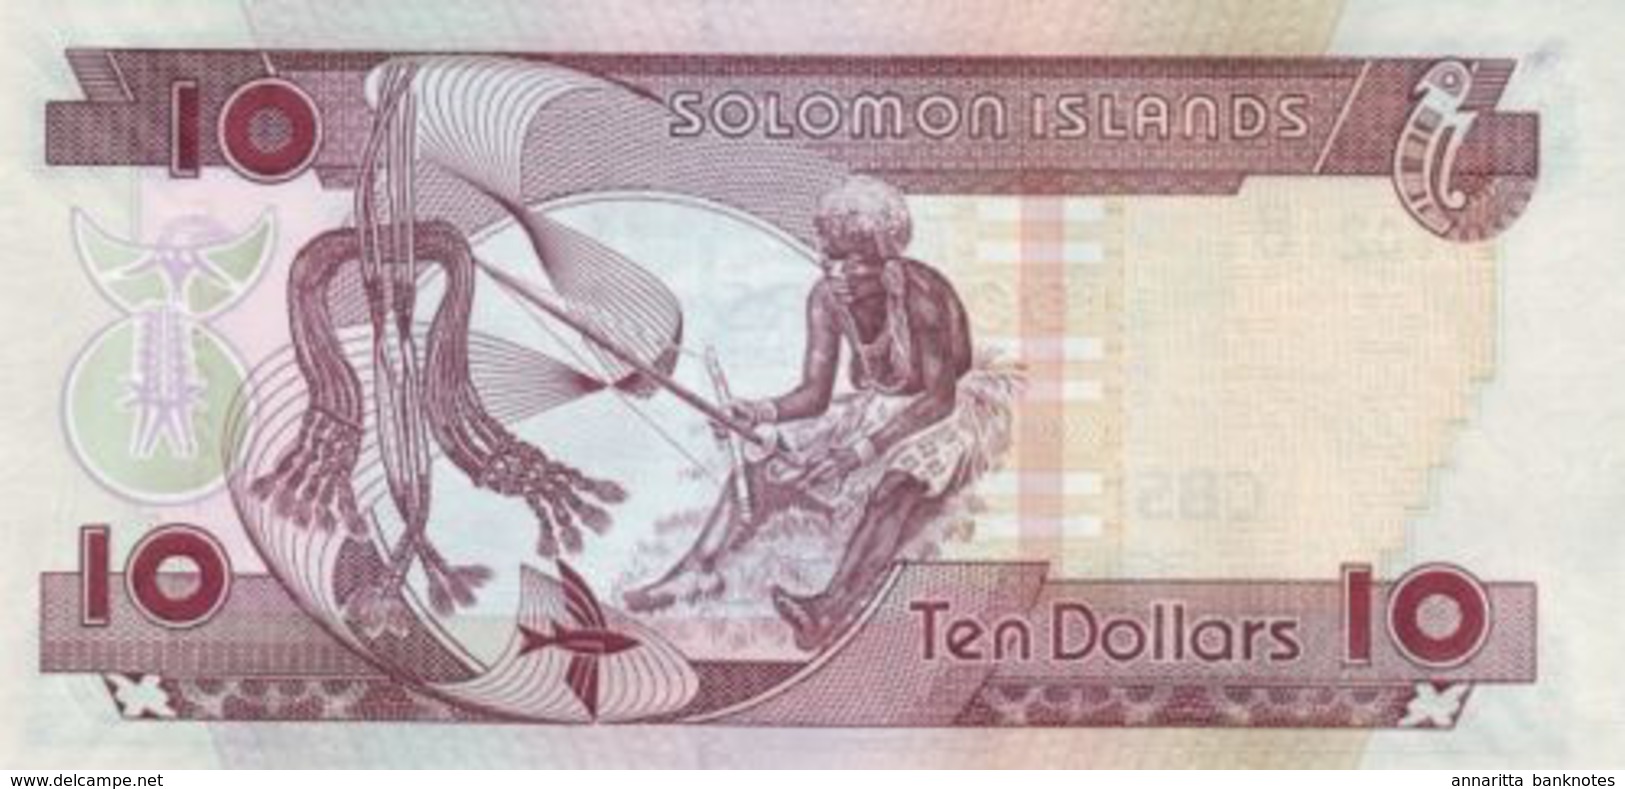 Solomon Islands 10 Dollars ND (2009), UNC, P-27a, SB217a - Isola Salomon
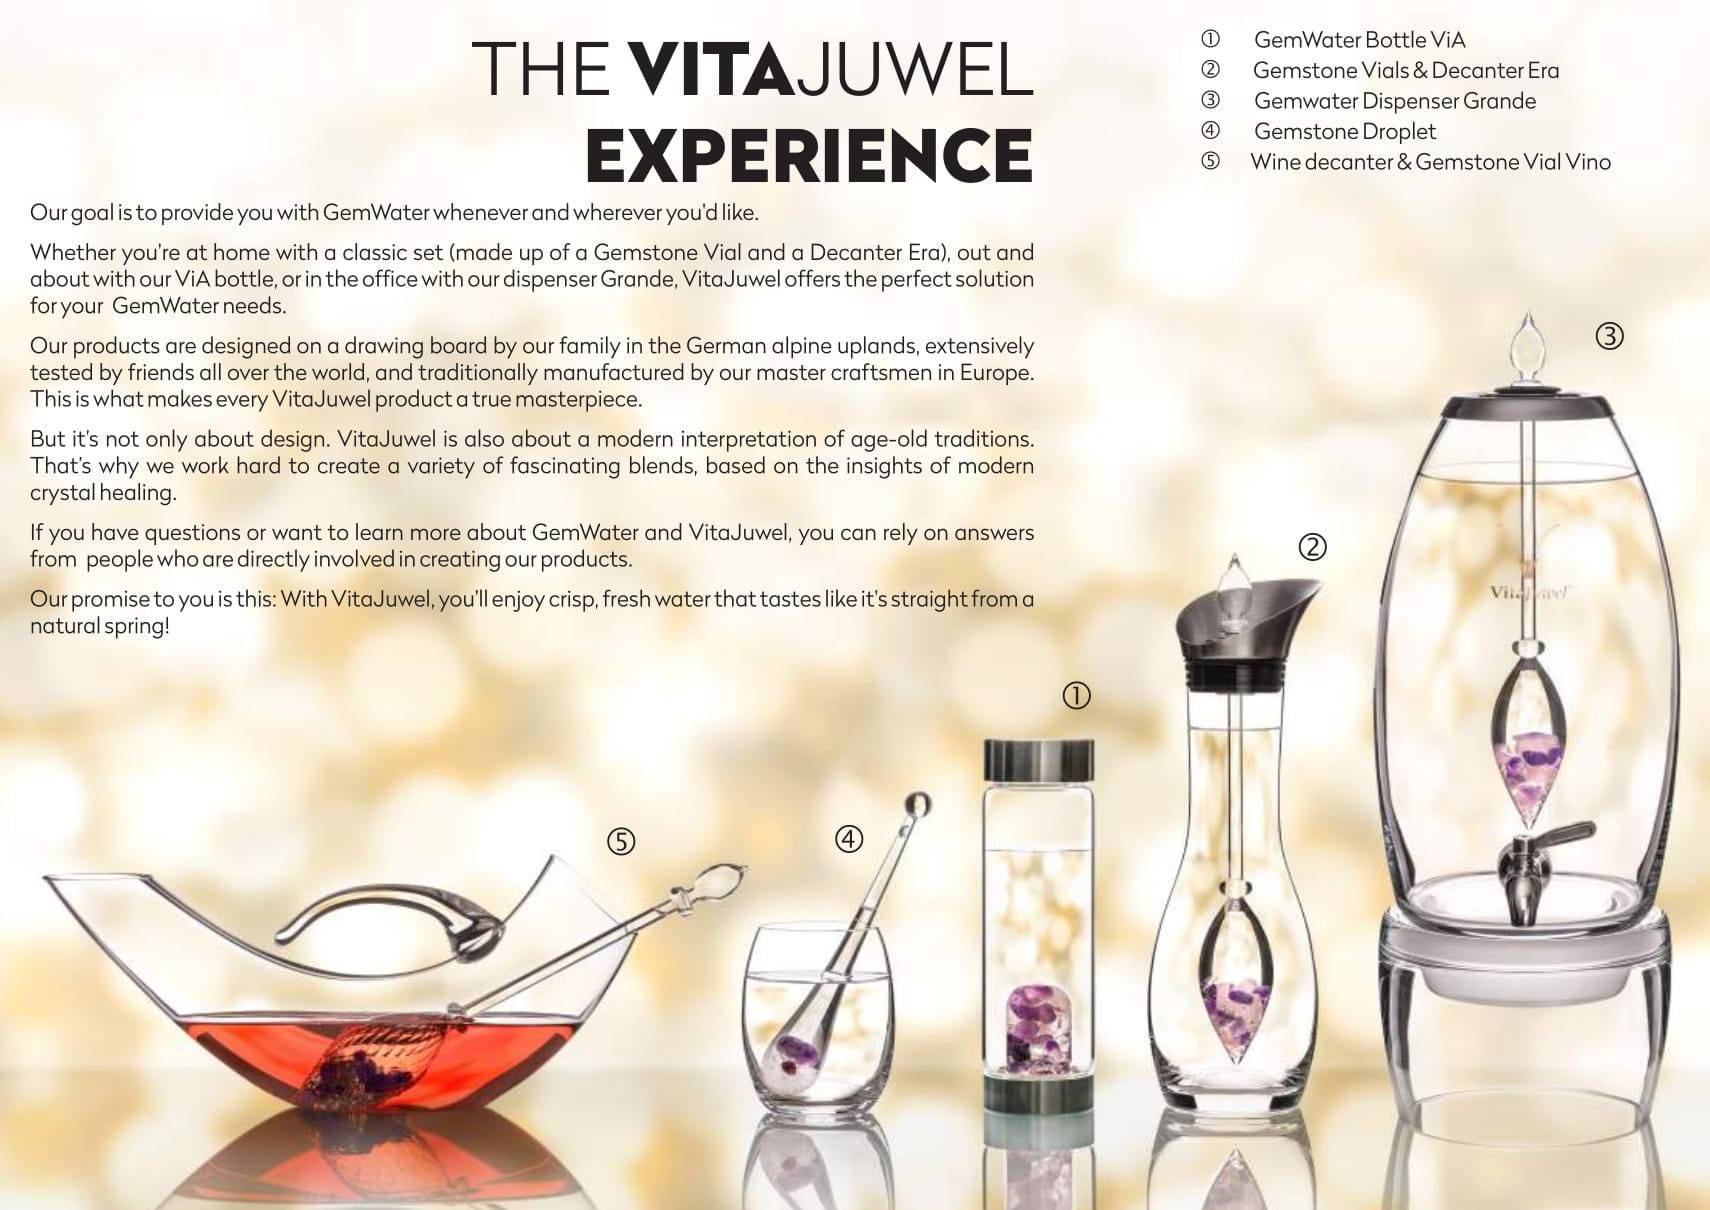 Travel Size VitaJuwel Gemstone Droplet Vial Crystal Infused Water or Wine - claritycove.com
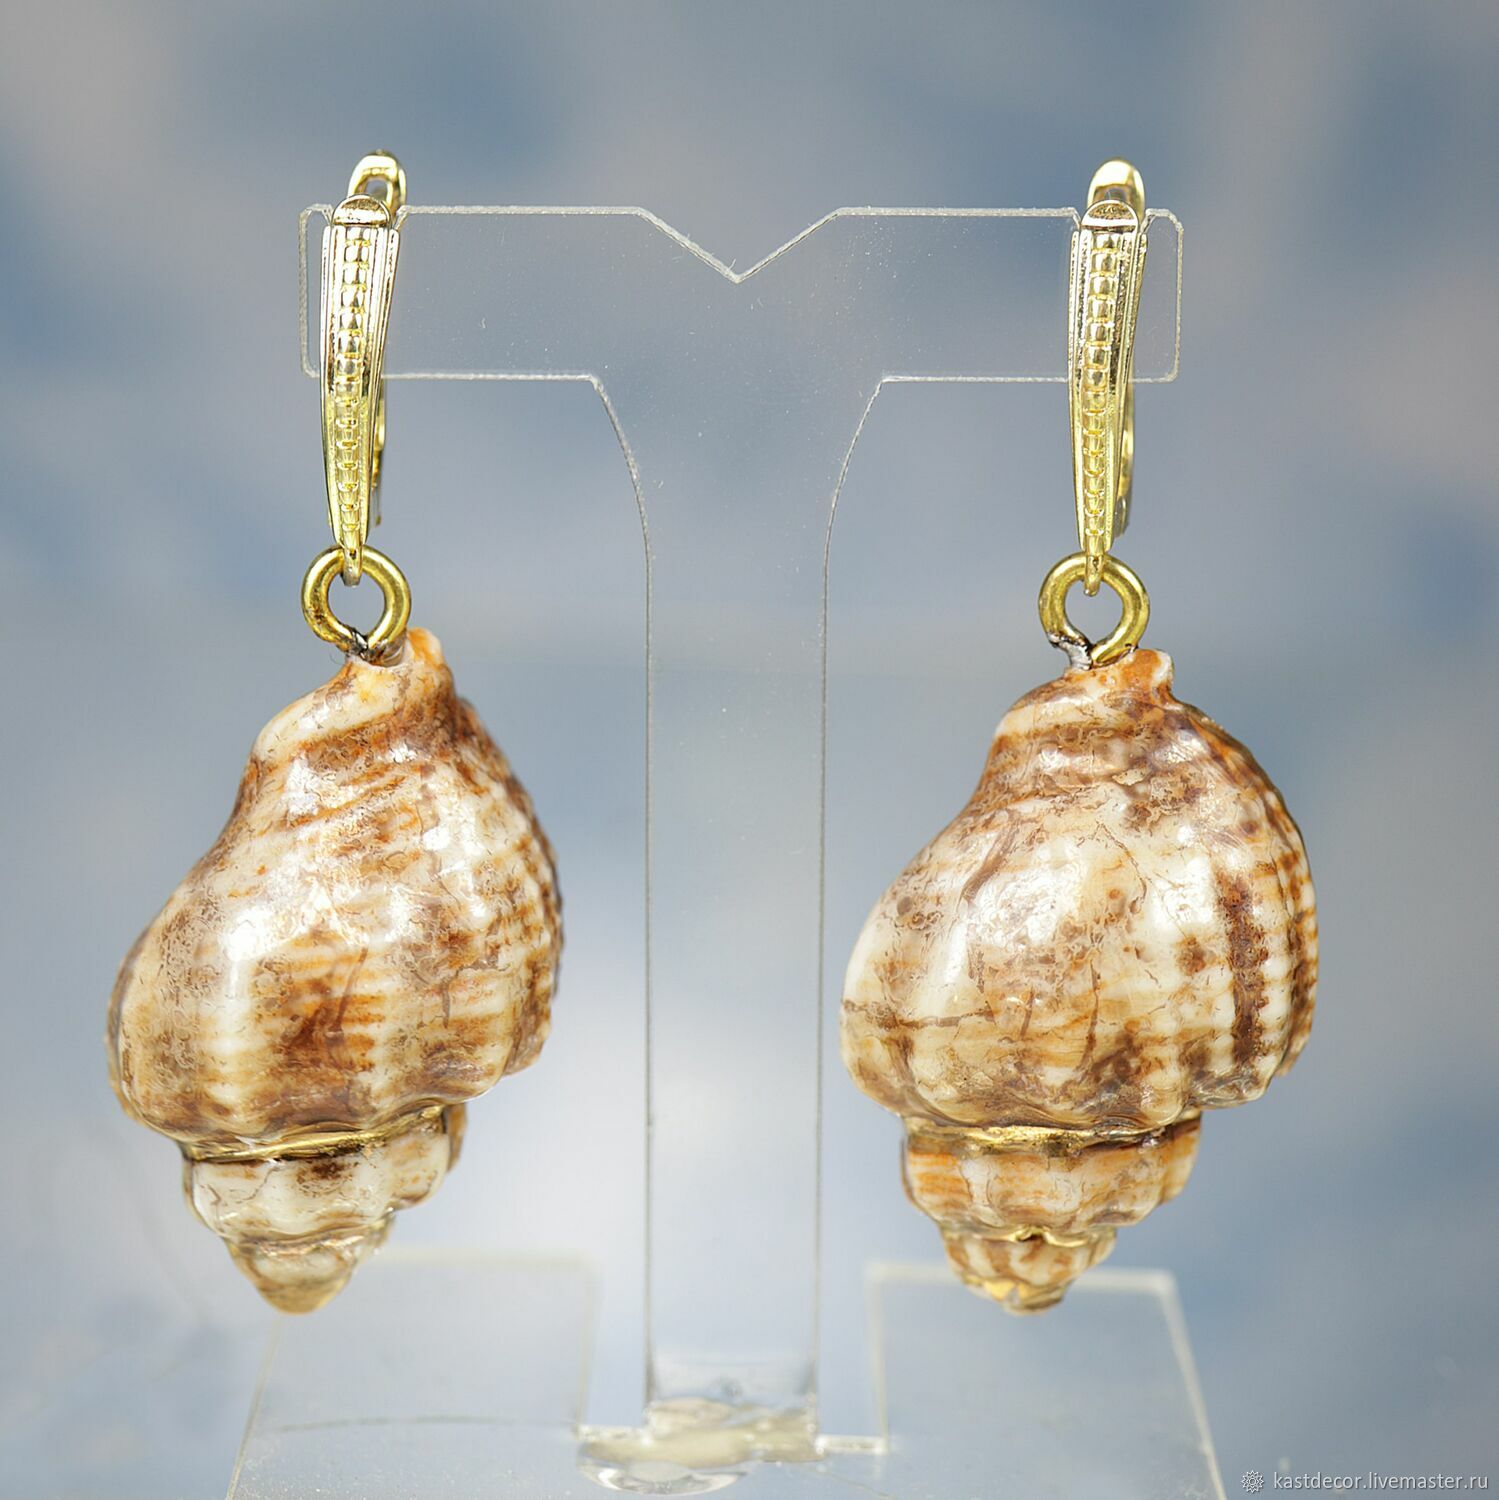 Porcelain earrings with an English lock 'Marine', Earrings, Moscow,  Фото №1
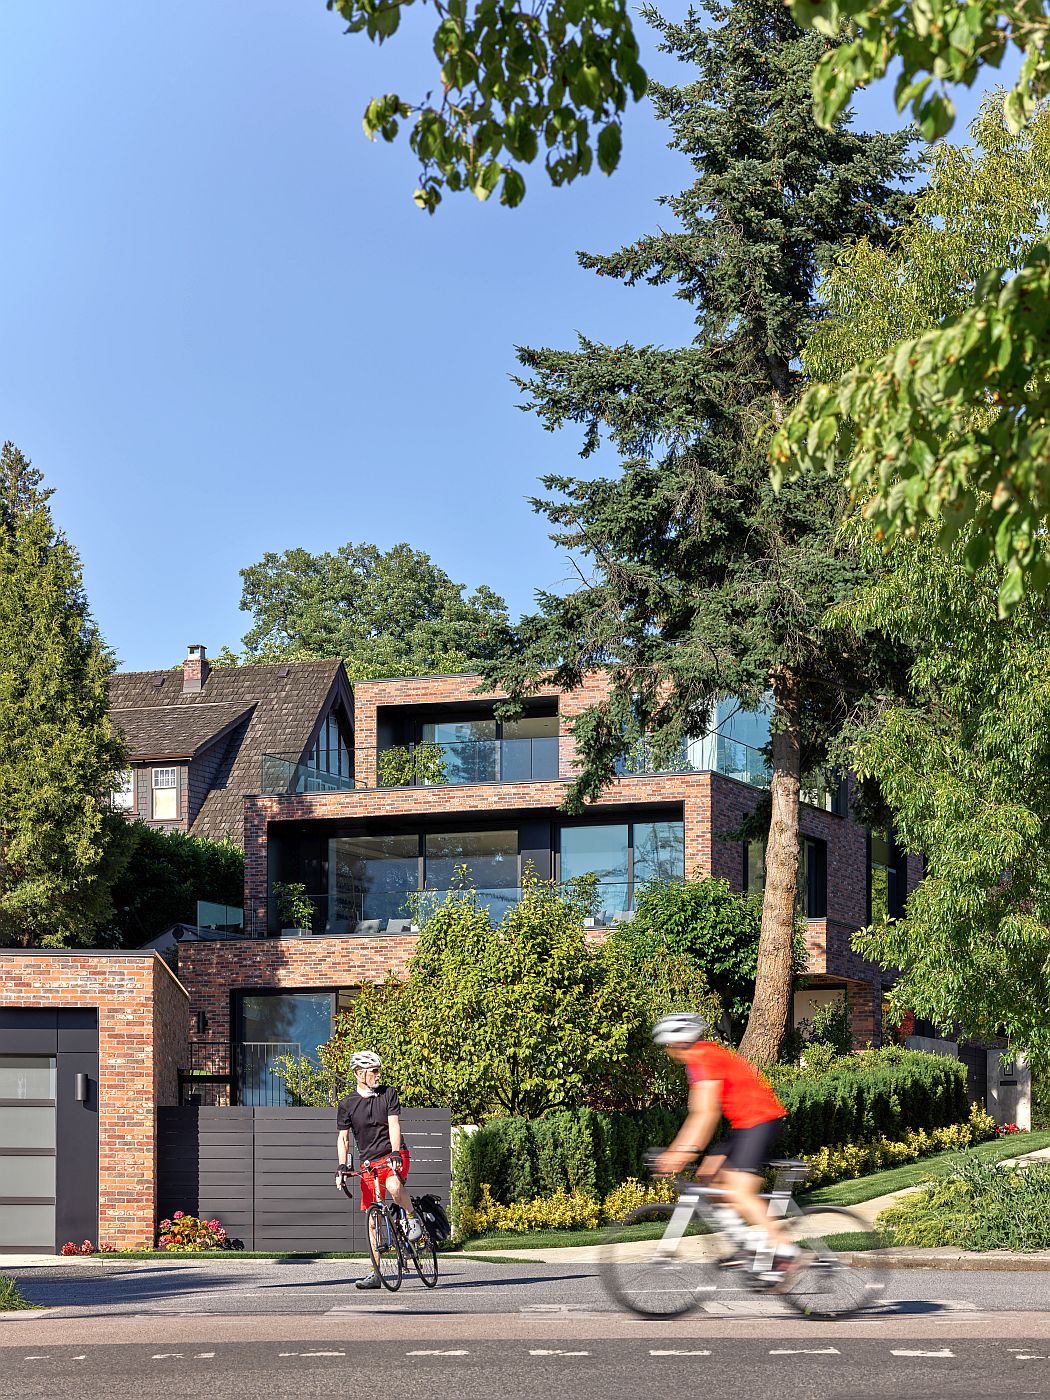 The Nanton Residence by BLA Design Group
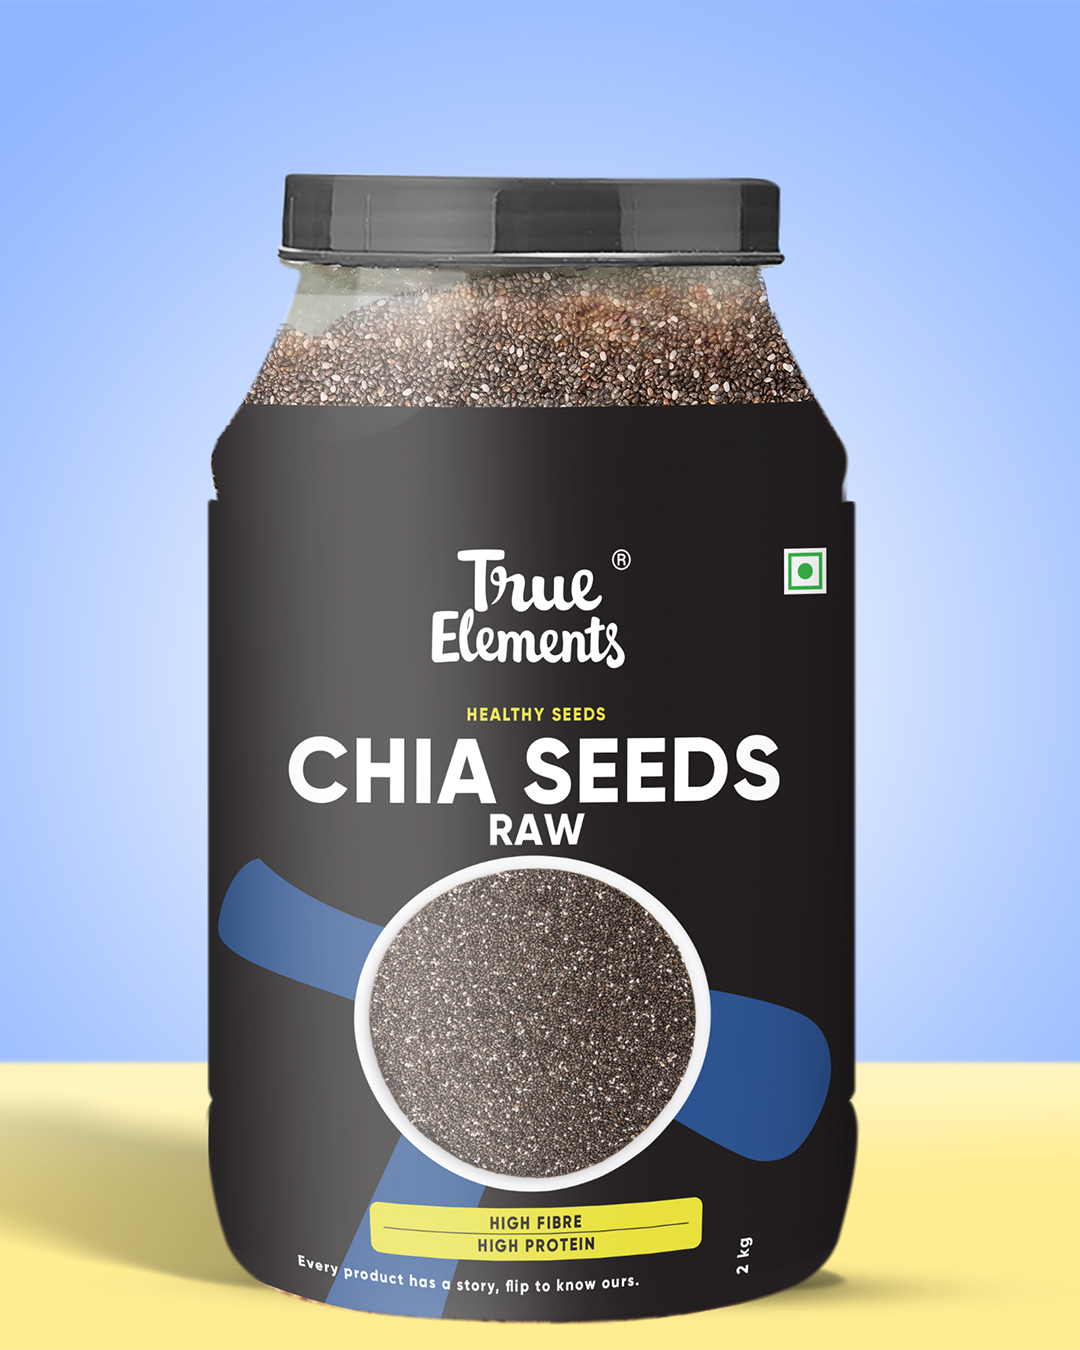 True elements raw chia seeds 2kg box (Premium Whole Seeds)

# # #

With the pictures removed, write the listing out word for word.

| THE ANSWER |
 Solomon Islands 10 Dollars ND (2009), UNC, P-27a, SB217a - Isola Salomon
 Travel Size VitaJuwel Gemstone Droplet Vial Crystal Infused Water or Wine - claritycove.com
 Porcelain earrings with an English lock 'Marine', Earrings, Moscow,  Фото №1
 The Nanton Residence by BLA Design Group
 True elements raw chia seeds 2kg box (Premium Whole Seeds)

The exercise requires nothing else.